I admit the $17 was a deal.  You could cancel within 24 hours when taking the insurance.  So if a 59 day special become available you just cancelled the existing reservation and rebooked.
Also if an emergency came up you had piece of mind that you wouldn't lose SunOptions,

I'm just shocked at the big increase!!  I do not want to pay $75 each time I make a reservation.  Diamond Resorts must really be digging into Sunterra's rules.  I wonder if more changes are on the way.

I wanted to get other Club Sunterra member's thoughts?  Spence, what's your take?  Does this bother you as much as it bothers me.  Thanks!

Eileen


----------



## Spence (May 16, 2007)

This fact was reported six days ago here.  Do I like it, no.  Do I think that one of the reasons it went up was to discourage people from doing exactly what you mentioned, yes.  When you ask Sunterra about the change, they say it's to bring fees more in line with 'industry standards' and they give the example of the $100 airline change fees.

Did they announce this change by website or email to members, no.  The only way you'd find out right now is if you read this or this or try to book RPP- Reservation Protection Plan either online or on the phone.  It's $105 for members, $95 for Silver, $85 for Gold and $75 for Platinum; then there's a $10 discount for doing it on WebRes.

It will be in the updated SunOptions Directory and SunGlances when the new editions are promulgated.
...and it's more like a 300-400% increase!


Eileen A. said:


> When booking a Sunterra reservation I always take the cancellation insurance.  For a plat. elite member it was $22 via phone and $17 via Internet.  I almost dropped the phone tonight when the customer service rep. said it is now $75 for a plat elite member and over $100 for non-elite members.
> 
> I admit the $17 was a deal.  You could cancel within 24 hours when taking the insurance.  So if a 59 day special become available you just cancelled the existing reservation and rebooked.
> Also if an emergency came up you had piece of mind that you wouldn't lose SunOptions,
> ...


----------



## AwayWeGo (May 16, 2007)

*$ $ $*

It's just 1 part of the business plan, adding more money to the corporate treasury.  Can't blame a company for working to boost the bottom line. 

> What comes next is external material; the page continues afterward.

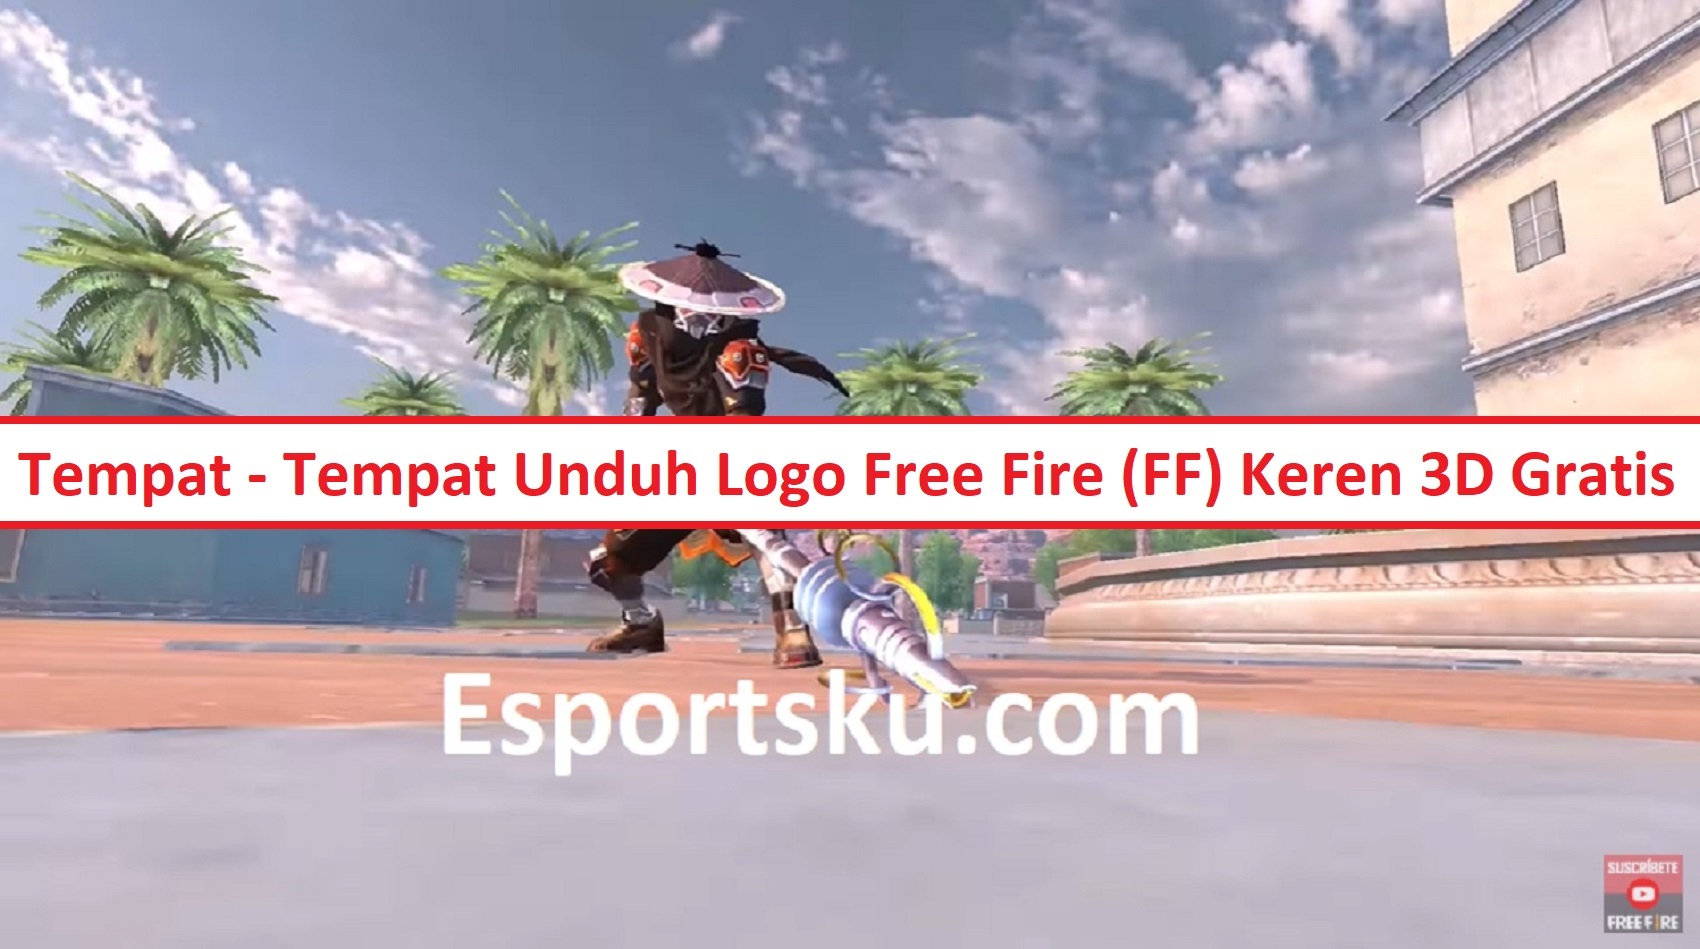 Tempat Tempat Unduh Logo Free Fire FF Keren 3D Gratis Esportsku

-- Alan Cole, McLean (Fairfax County), Virginia, USA.​


----------



## tdkacv (Jun 6, 2007)

*sunterra reservation cancellation price hike*

Anyone know what can be done to stop this price hike???   I understand that they may need to make some changes...but 300-400% sudden increases tells me they are not interested in our welfare at all!  

One of the selling points of Sunterra vs other timeshare companies when we bought in Maui was that they were deliberately doing things differently and with more flexibility.  This price hike seriously dampens my flexibility and shows that this Diamond Resorts company is not interested in keeping up that tradition!


----------



## T_R_Oglodyte (Jun 6, 2007)

tdkacv said:


> Anyone know what can be done to stop this price hike???   I understand that they may need to make some changes...but 300-400% sudden increases tells me they are not interested in our welfare at all!
> 
> One of the selling points of Sunterra vs other timeshare companies when we bought in Maui was that they were deliberately doing things differently and with more flexibility.  This price hike seriously dampens my flexibility and shows that this Diamond Resorts company is not interested in keeping up that tradition!



Why would you think any timeshare developer is interested in your welfare?  Was that what the salesman told you??


----------



## Spence (Jun 6, 2007)

tdkacv said:


> Anyone know what can be done to stop this price hike???   I understand that they may need to make some changes...but 300-400% sudden increases tells me they are not interested in our welfare at all!
> 
> One of the selling points of Sunterra vs other timeshare companies when we bought in Maui was that they were deliberately doing things differently and with more flexibility.  This price hike seriously dampens my flexibility and shows that this Diamond Resorts company is not interested in keeping up that tradition!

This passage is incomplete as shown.